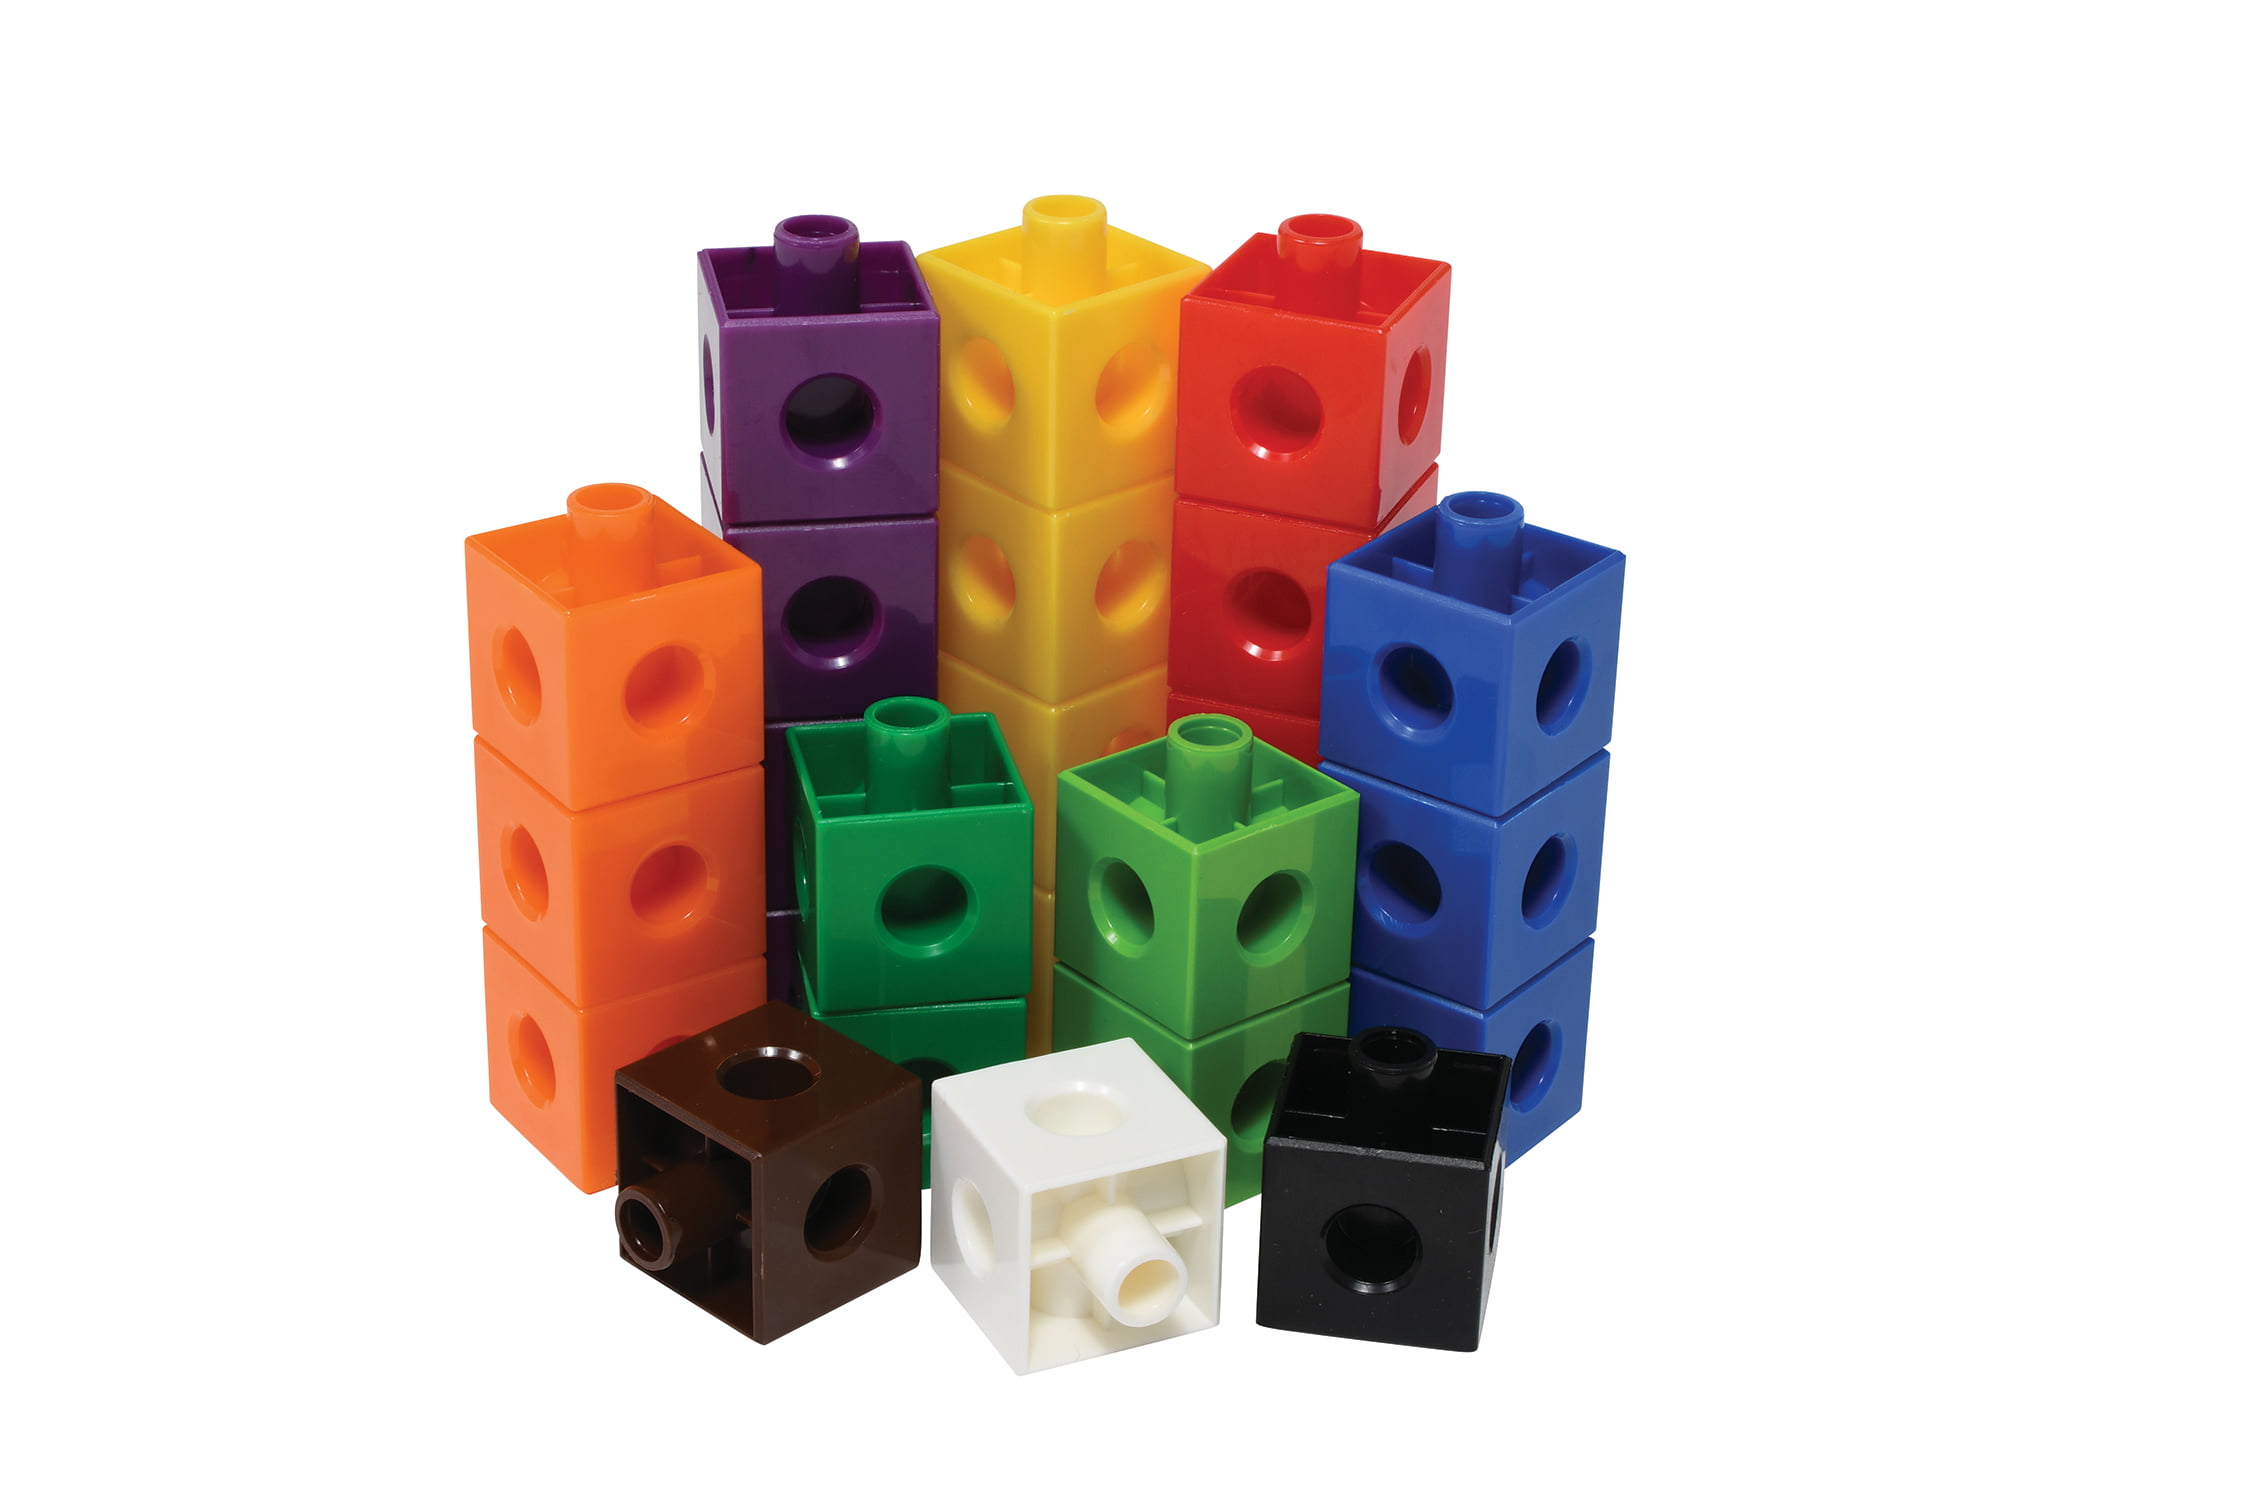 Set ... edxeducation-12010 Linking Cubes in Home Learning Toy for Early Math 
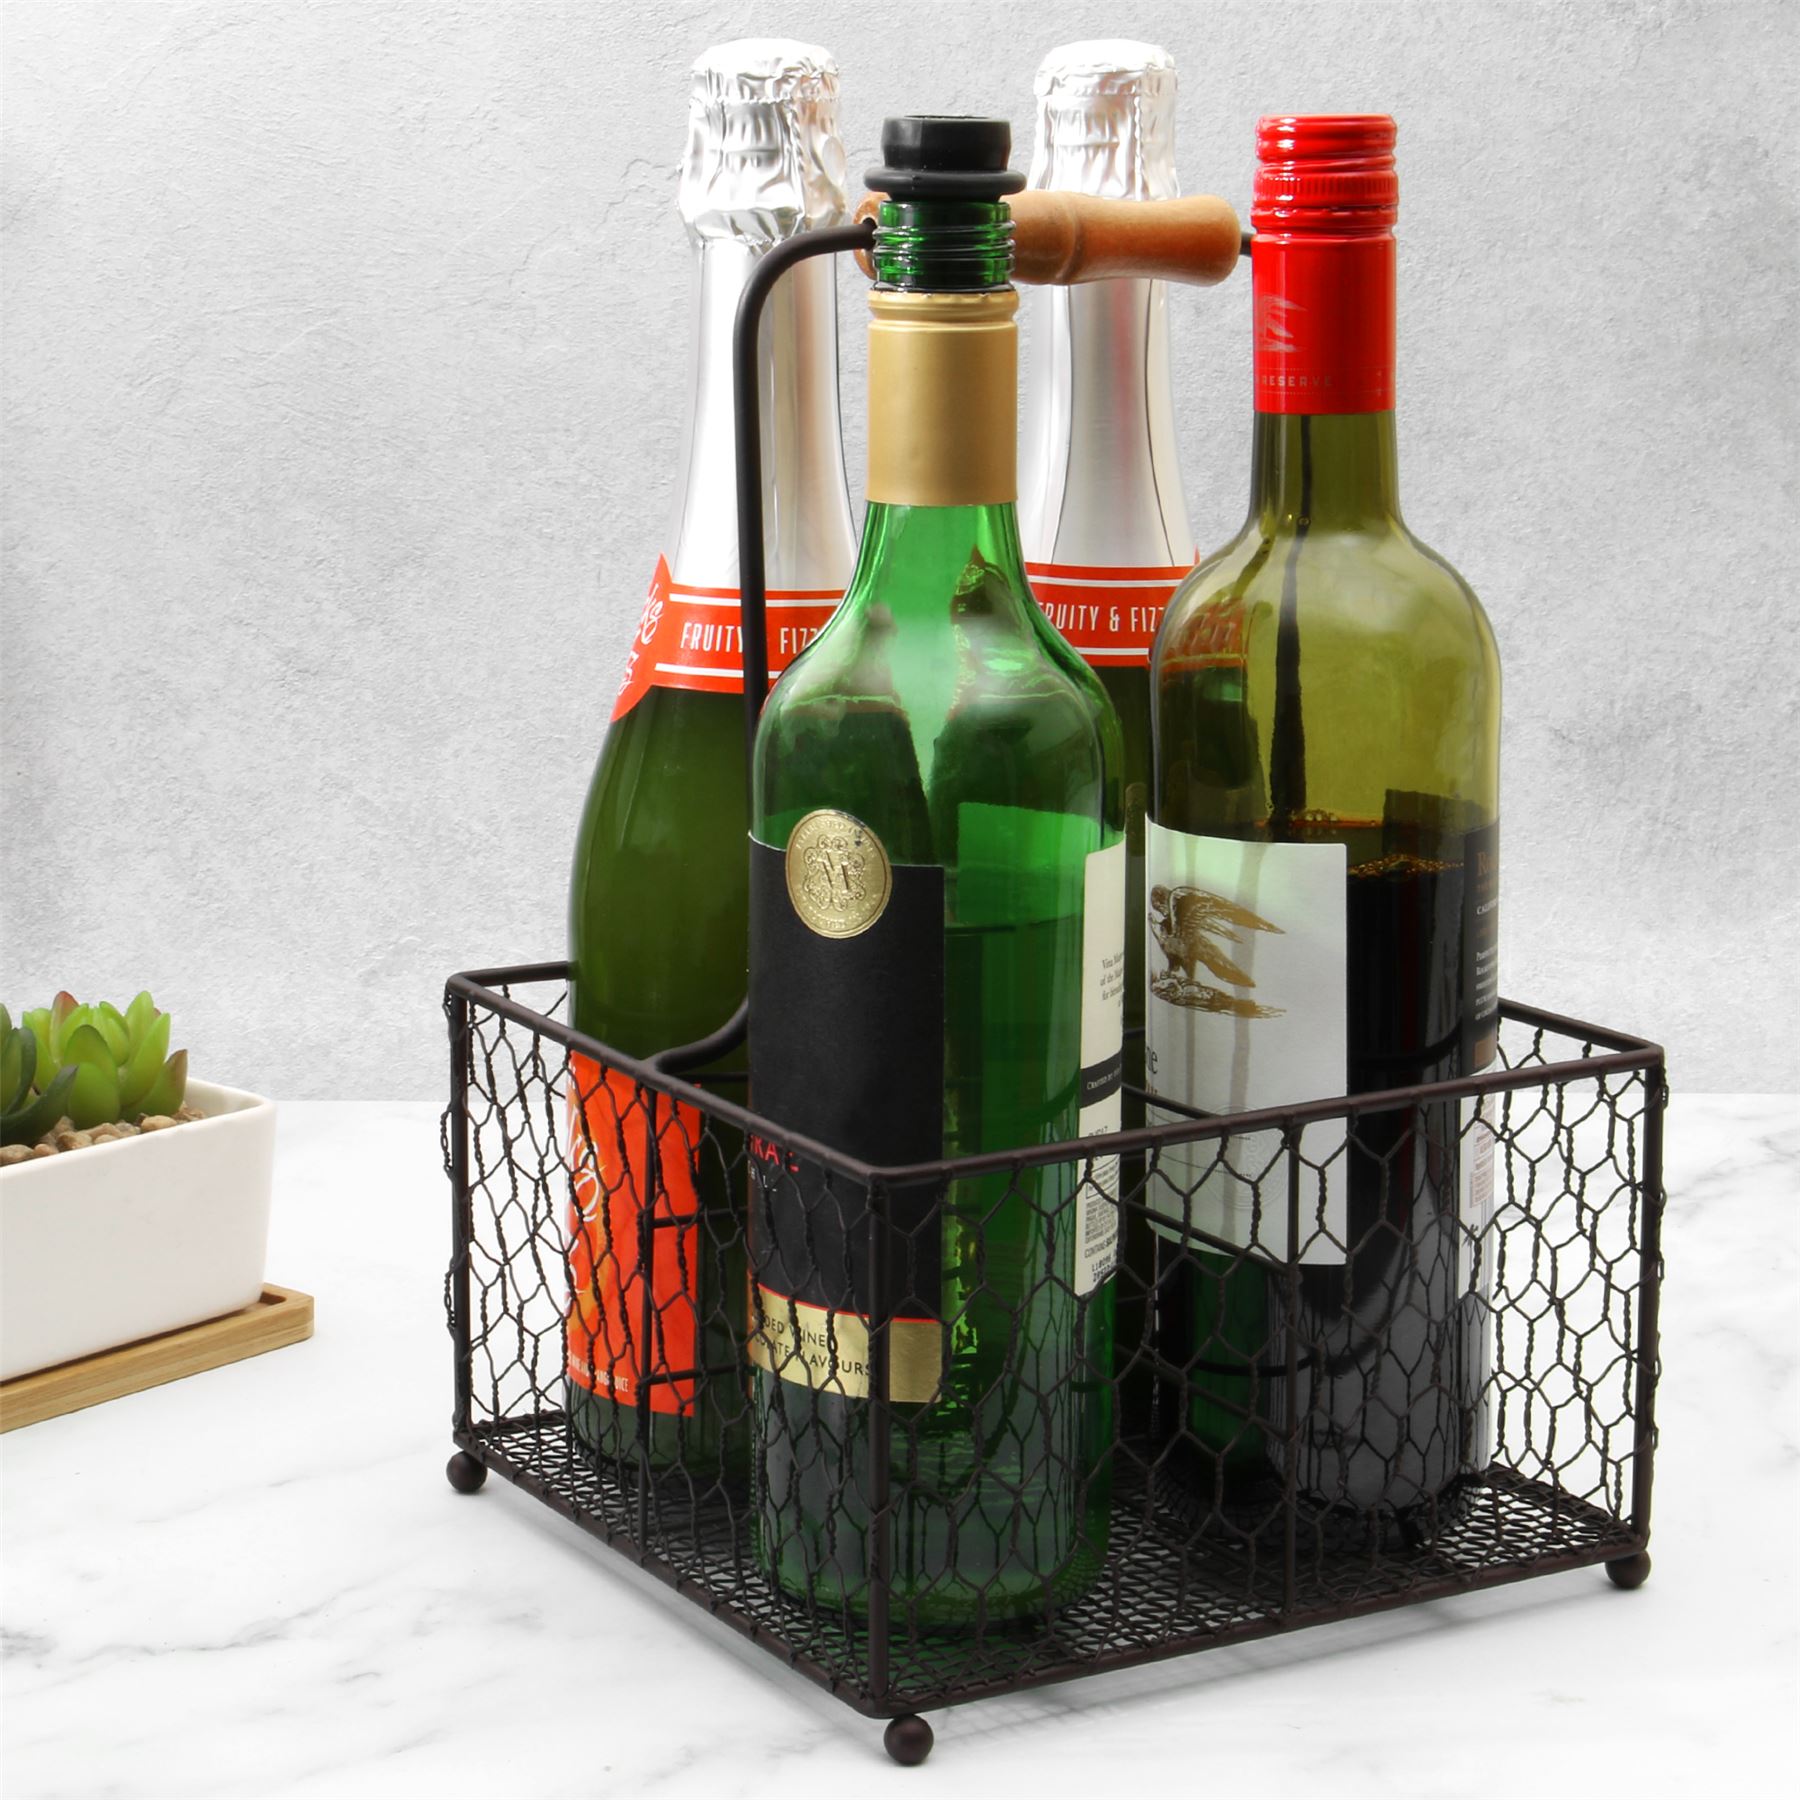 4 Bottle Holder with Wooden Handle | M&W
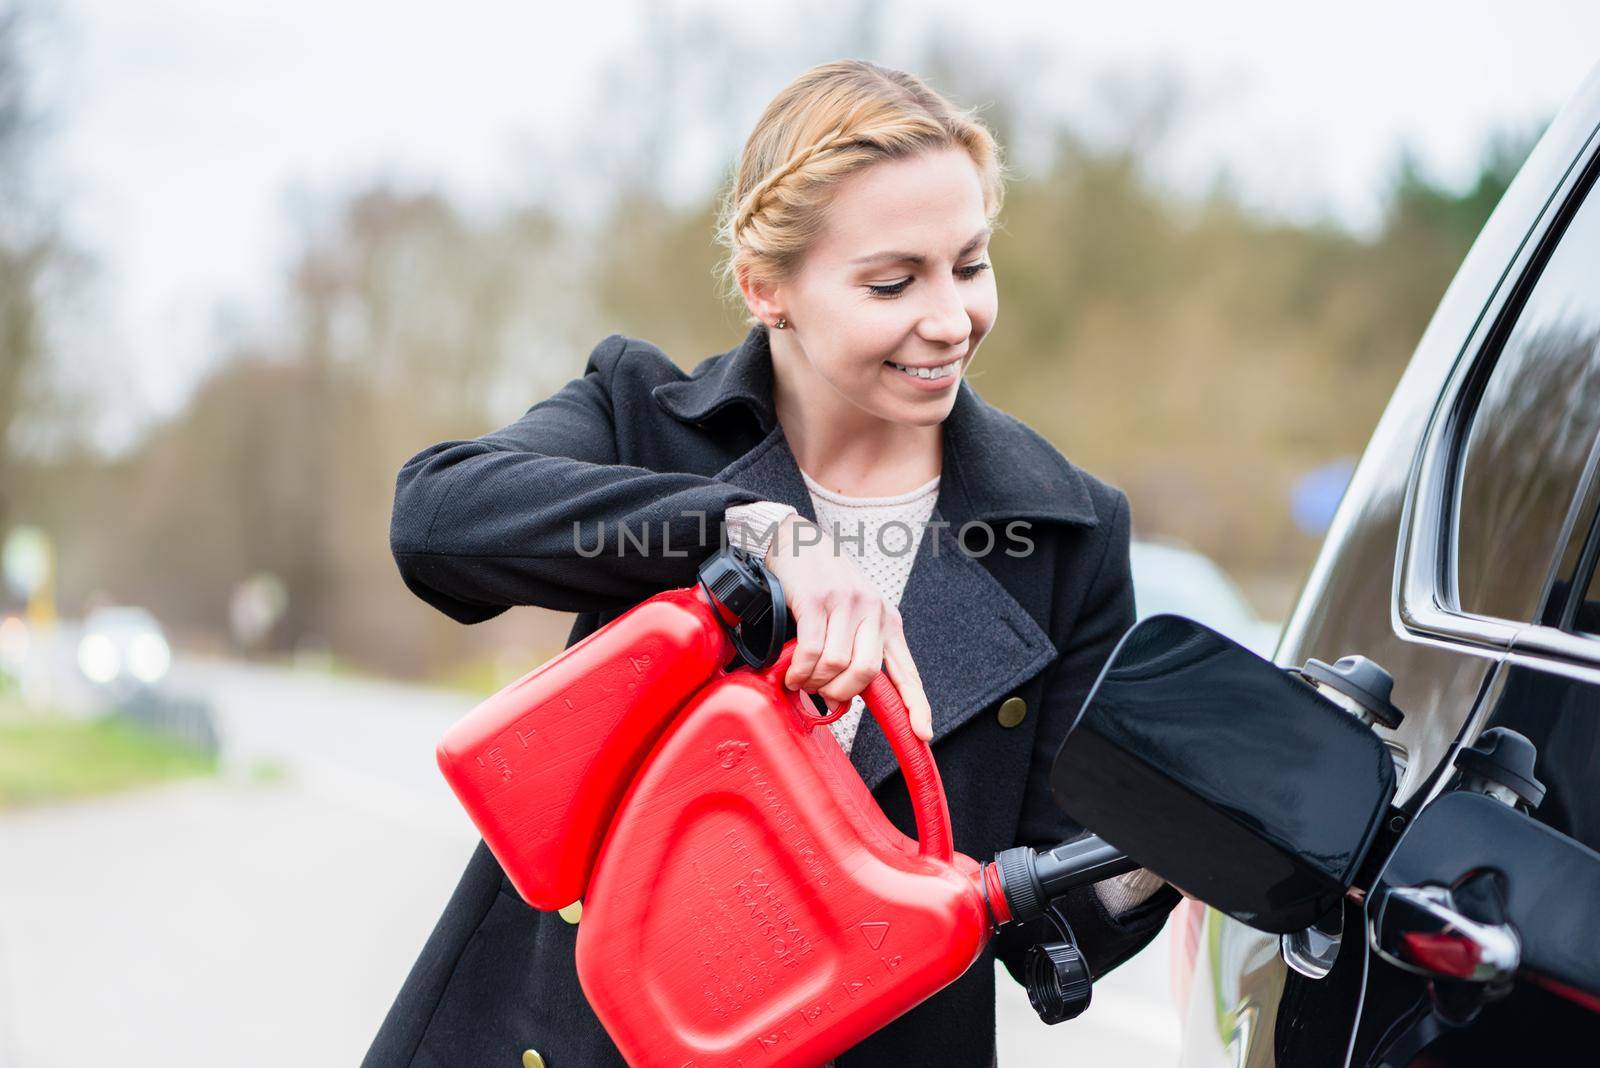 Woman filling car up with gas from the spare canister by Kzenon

_Exercise directions_:
What is needed is an exact copy of every line from the one with "4 Bottle Holder with Wooden Handle | M&W" to the end of the listing above, with the pictures left out.

_Solution to the exercise_:
 4 Bottle Holder with Wooden Handle | M&W
 Woman filling car up with gas from the spare canister by Kzenon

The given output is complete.